By the time he had opened his sixth Dunkin’ Donuts, as the shops were now called, in 1955, Rosenberg decided that future expansion should be according to the franchise model, whereby the parent company sells a license to operate the business in a particular location to an individual owner. Five years later, he founded the International Franchise Association, a trade organization that helped to modernize and make more honest the existing business model.

Rosenberg’s early mentor at Jack and Jill had been an accountant named Harry Winokur. Winokur not only became Rosenberg’s investor at Dunkin’, but also his brother-in-law. But Winokur disagreed with Rosenberg’s plan to sell franchises, and decided he wanted out, selling his shares to his brother-in-law. He also started his own doughnut firm, Mister Donut, which became America’s second-largest doughnut chain. Later, both companies were purchased by larger conglomerates, and Mister Donut’s franchisees in the U.S. (Winokur changed his mind about the business model) were given the option of becoming Dunkin’ outlets. Nearly all of them did, so that today, the name Mister Donuts exists only in Japan. Bill Rosenberg and Harry Winokur’s sister divorced in 1978.
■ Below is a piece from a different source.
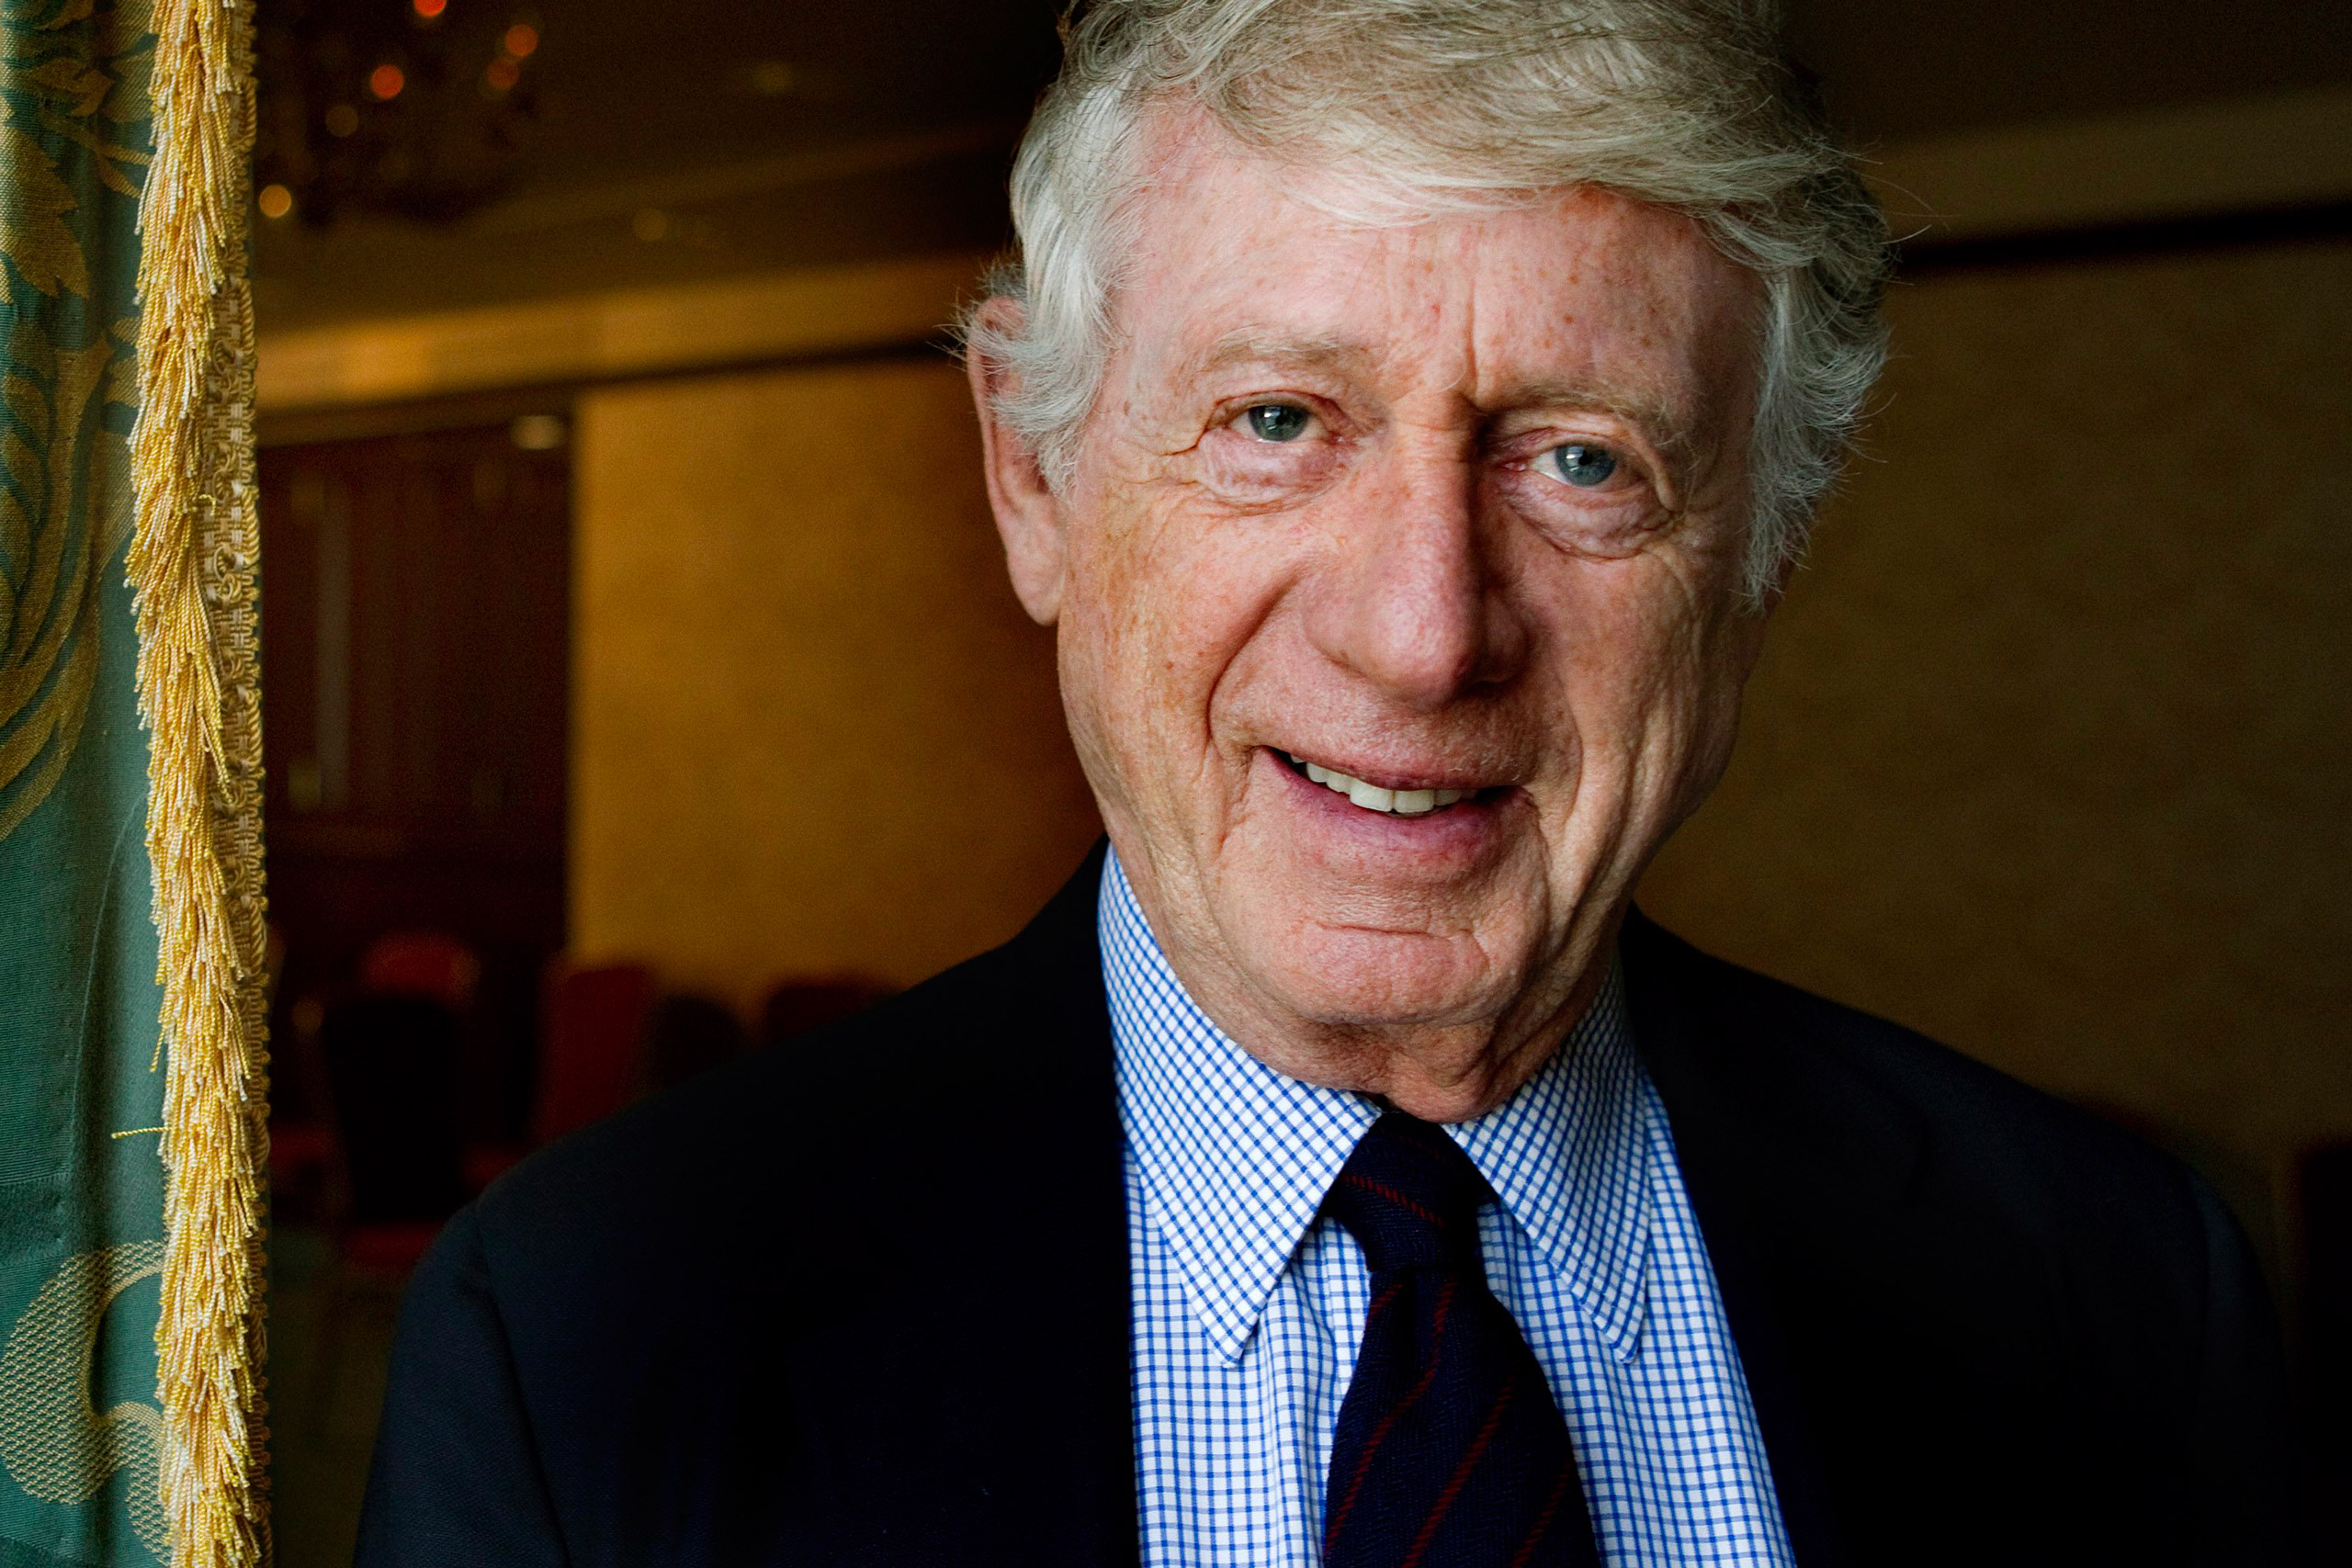 Former television journalist Ted Koppel poses for a photo in a Toronto hotel on Thursday, June 7, 2012. (AP Photo/Chris Young, Canadian Press)

A Dunkin’ franchise opened in Israel in 1996, with its flagship chain at Rabin Square, in Tel Aviv. After initially promising indicators, however, the local branches all shut down, and by 2001, the brand had locally disappeared.

The original Dunkin' Dounuts in Quincy, Massachusetts, after its renovation in the 2000s.Credit: Wikimedia Commons

Today, Dunkin’ Brands, the parent company of the chain, is owned by a consortium of private-equity firms – Bain Capital, the Carlyle Group and Thomas H. Lee. International sales were $6 billion in 2010. The company also includes ownership of the Baskin-Robbins ice cream chain.

Rosenberg retired from the doughnut business in 1988, and devoted himself fulltime to his avocation, breeding horses for harness racing. He also was involved in philanthropy, setting up a program in business franchising at the University of New Hampshire (where his horse-breeding farm was situated) and in medicine at the Dana Farber Cancer Center, in Boston.

He died on September 22, 2002, at age 86, at his home, in Mashpee, Massachusetts.